While facilities such as Treblinka or Auschwitz-Birkenau, constructed for no other purpose than mass murder, were first established during World War II, the history of the concentration camp, as Nikolaus Wachsmann reminds us in his impressive and authoritative new study, begins much earlier. The idea of concentrating a state’s enemies in a camp went back at least to the end of the nineteenth century, following the invention of barbed wire and the machine gun, in the Boer War and the Spanish-American War, and found expression in the Soviet system of labor camps and other products of twentieth-century dictatorships. But these camps neither formed the template for the Nazi concentration camps nor resembled them in all respects, even if they were similar in some. Ninety percent of inmates survived the Soviet Gulag, for example, while in the wartime camps of the SS, even for prisoners who were registered as inmates and not killed immediately on arrival, the survival rate was less than half. Of some 2.3 million men, women, and children who were put into Nazi concentration camps between 1933 and 1945, more than 1.7 million lost their lives, almost a million of them Jews killed in Auschwitz.

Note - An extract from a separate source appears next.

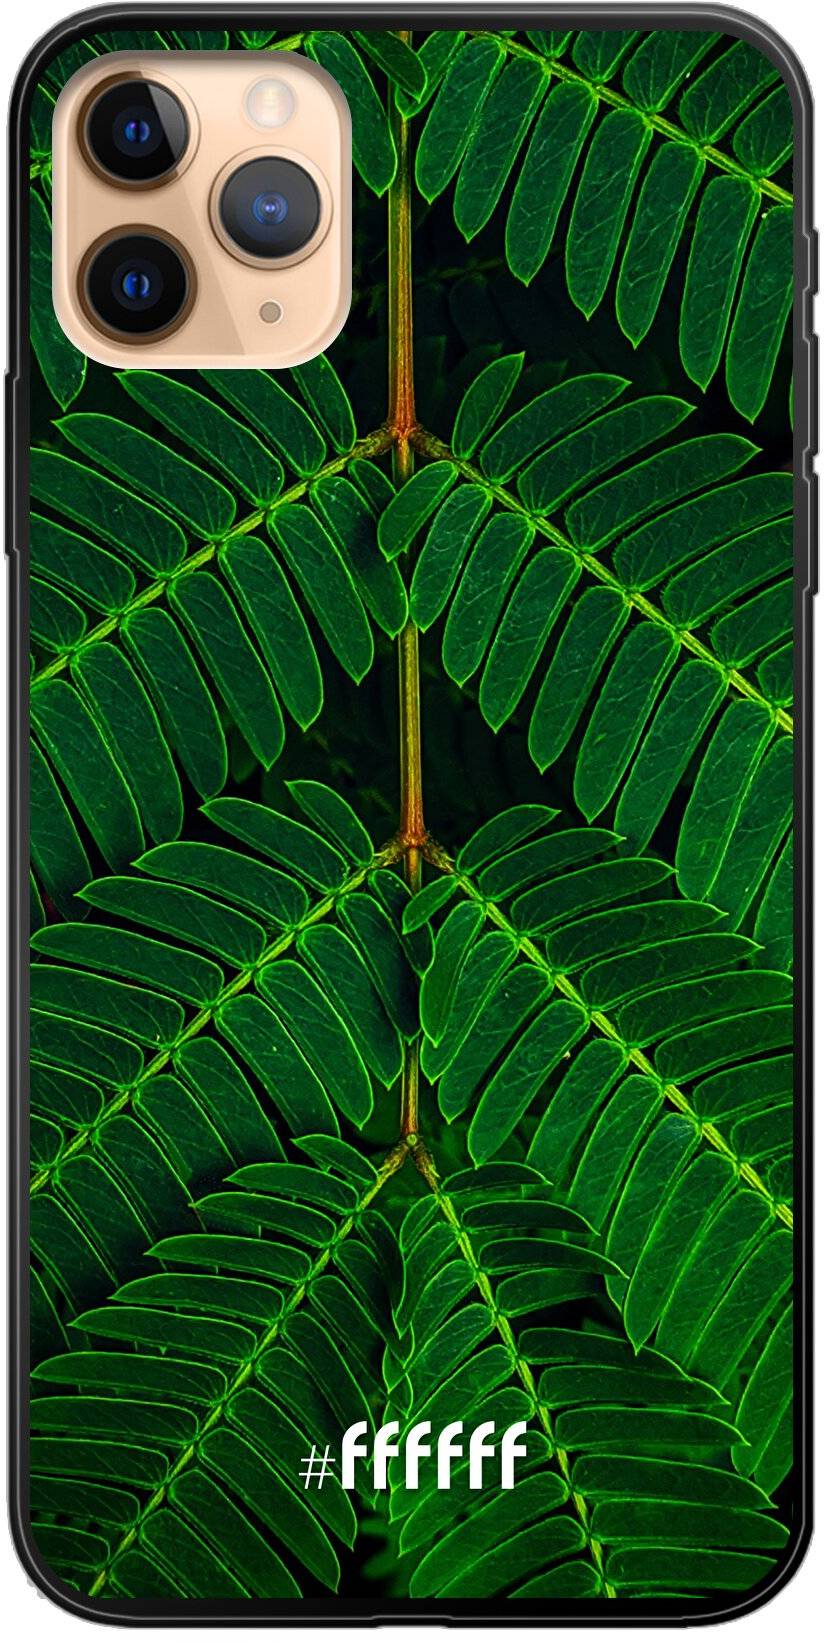 Symmetric Plants iPhone 11 Pro Max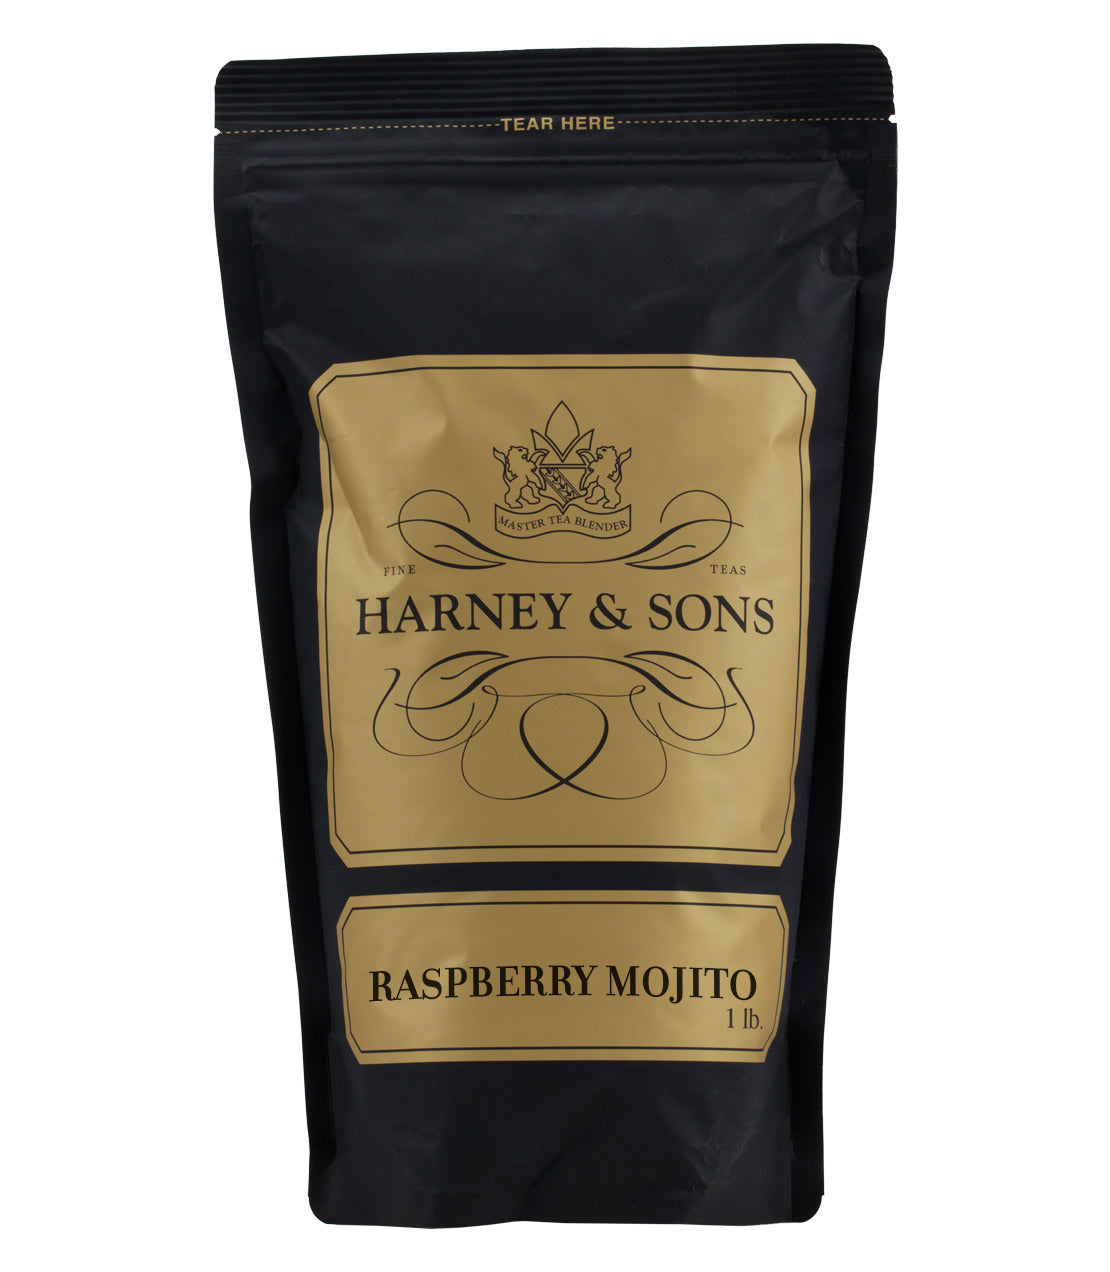 Raspberry Mojito - Loose 1 lb. Bag - Harney & Sons Fine Teas

Wachsmann’s gripping, humane, and beautifully written narrative begins with the establishment of the first of the Nazi camps, at a disused munitions factory outside the town of Dachau, near Munich. During the first half of 1933, as Hitler gathered the reins of power to himself, makeshift camps were improvised all over Germany to incarcerate Communists and Social Democrats, the main political groups who resisted the Nazis’ violent seizure of power. Only gradually were these closed down, with the release of the prisoners, many of whom had been badly beaten and tortured (even the official estimate reckoned that over six hundred were murdered by the Nazis), on promise of refraining from political engagement. By 1934, as Wachsmann showed in his previous book, Hitler’s Prisons (2004), the function of political repression had been taken over by the police, the courts, and the regular state prisons and penitentiaries.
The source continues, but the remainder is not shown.